На террасе появился Рамон и направился к ним, через голое плечо перекинуто тонкое белое серапе с сине-черным узором по краям и длинной алой бахромой, раскачивавшейся в такт его шагам. Он прислонился к одному из столбов, глядя на сидящих Кэт и Сиприано. Сиприано поднял на него глаза, выражавшие глубокую привязанность.

— Я сказал сеньоре Катерине, — произнес он, — что, если ей когда-нибудь захочется выйти замуж, она может выйти за меня.

— Нельзя быть таким прямолинейным, — улыбаясь, сказал Рамон, глядя на Сиприано с тем же выражением.

Потом посмотрел на Кэт, улыбаясь проницательными глазами. Он стоял, сложив руки на груди, как это делают мексиканцы, когда становится холодно; его выпуклая гладкая грудь была кремово-коричневой, как опиум.

— Дон Сиприано говорит, что белые люди всегда хотят мира, — сказала она, ищуще глядя на него. — Разве вы не считаете себя белыми людьми? — спросила она с некоторым вызовом.

— Не белее, чем мы есть, — улыбнулся Рамон. — По крайней мере, не белые, как лилия.

— И неужели вы не хотите мира?

— Я? Нужно подумать. Как и было предсказано, кроткие наследовали землю{27}. Но кто я такой, чтобы завидовать им в их мире! Нет, сеньора. Разве я похож на проповедника мира? — или на проповедника войны? На мой взгляд, раскол проходит не здесь.

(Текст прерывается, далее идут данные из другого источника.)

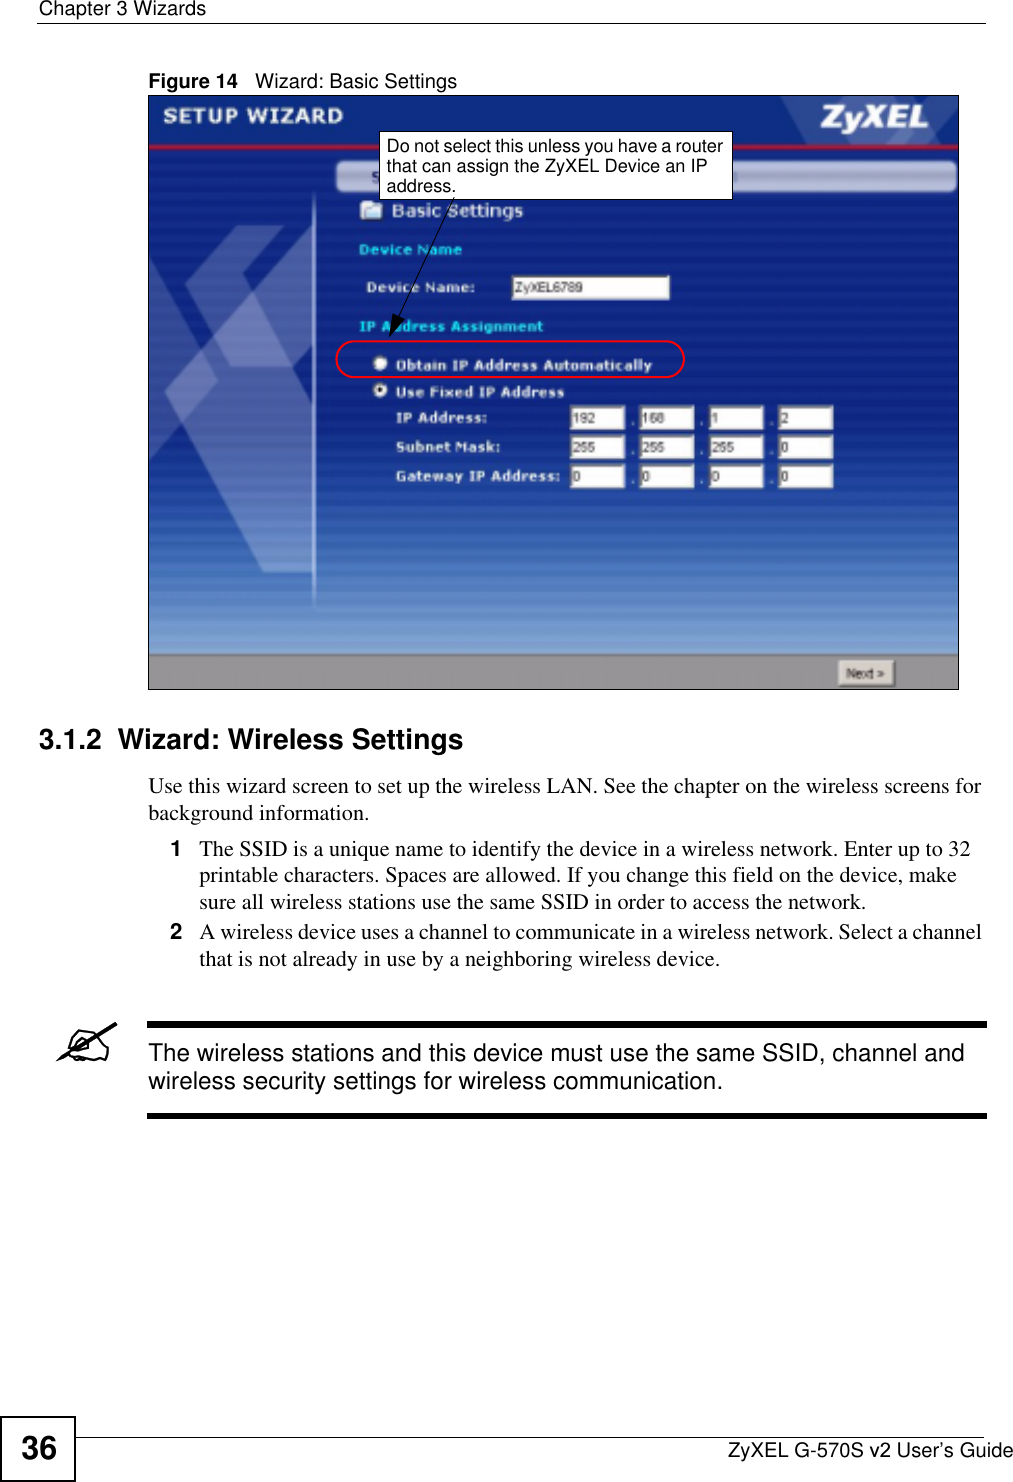 Chapter 3 WizardsZyXEL G-570S v2 User’s Guide36Figure 14   Wizard: Basic Settings3.1.2  Wizard: Wireless SettingsUse this wizard screen to set up the wireless LAN. See the chapter on the wireless screens for background information.1The SSID is a unique name to identify the device in a wireless network. Enter up to 32 printable characters. Spaces are allowed. If you change this field on the device, make sure all wireless stations use the same SSID in order to access the network.2A wireless device uses a channel to communicate in a wireless network. Select a channel that is not already in use by a neighboring wireless device.&quot;The wireless stations and this device must use the same SSID, channel and wireless security settings for wireless communication.Do not select this unless you have a router that can assign the ZyXEL Device an IP address.

— Не понимаю, чего вы хотите, — сказала она, не сводя с него глаз.

— Мы лишь наполовину понимаем себя, — ответил он, улыбаясь переменчивыми глазами. — А может, и того меньше.

В нем была особая болезненная доброта, и она удивилась бы, поразилась, знай, что такое подлинная отеческая заботливость. Загадочность, благородство, неприступность — и болезненное сострадание мужчины в его тайном отцовстве.

— Вам не нравятся краснокожие? — мягко спросил он.

— Пожалуй, на них приятно смотреть, — ответила Кэт. — Но, — она едва заметно содрогнулась, — я рада, что я белая.

— Чувствуете, что близкие отношения были бы невозможны? — сказал он прямо.

— Да! — кивнула она. — Именно это я имела в виду.

— Верно чувствуете.

И когда он сказал это, она поняла, что для нее он красивее любого белокожего блондина и что близость с ним, о которой можно лишь мечтать, была бы прекрасней всего, испытанного ею до сих пор.

Впрочем, хотя он действовал на нее неотразимо, с его стороны не было ни малейших посягательств на нее, никаких попыток сблизиться. Такую попытку совершила лишь неудовлетворенность Сиприано.

Услышав голос Рамона, Карлота смущенно возникла в дверях. Поняв, что он говорит по-английски, гневно вспыхнула и вновь скрылась. Но немного погодя появилась, неся в руках маленькую вазу с кремовыми цветами, похожими на фрезию, и очень душистыми.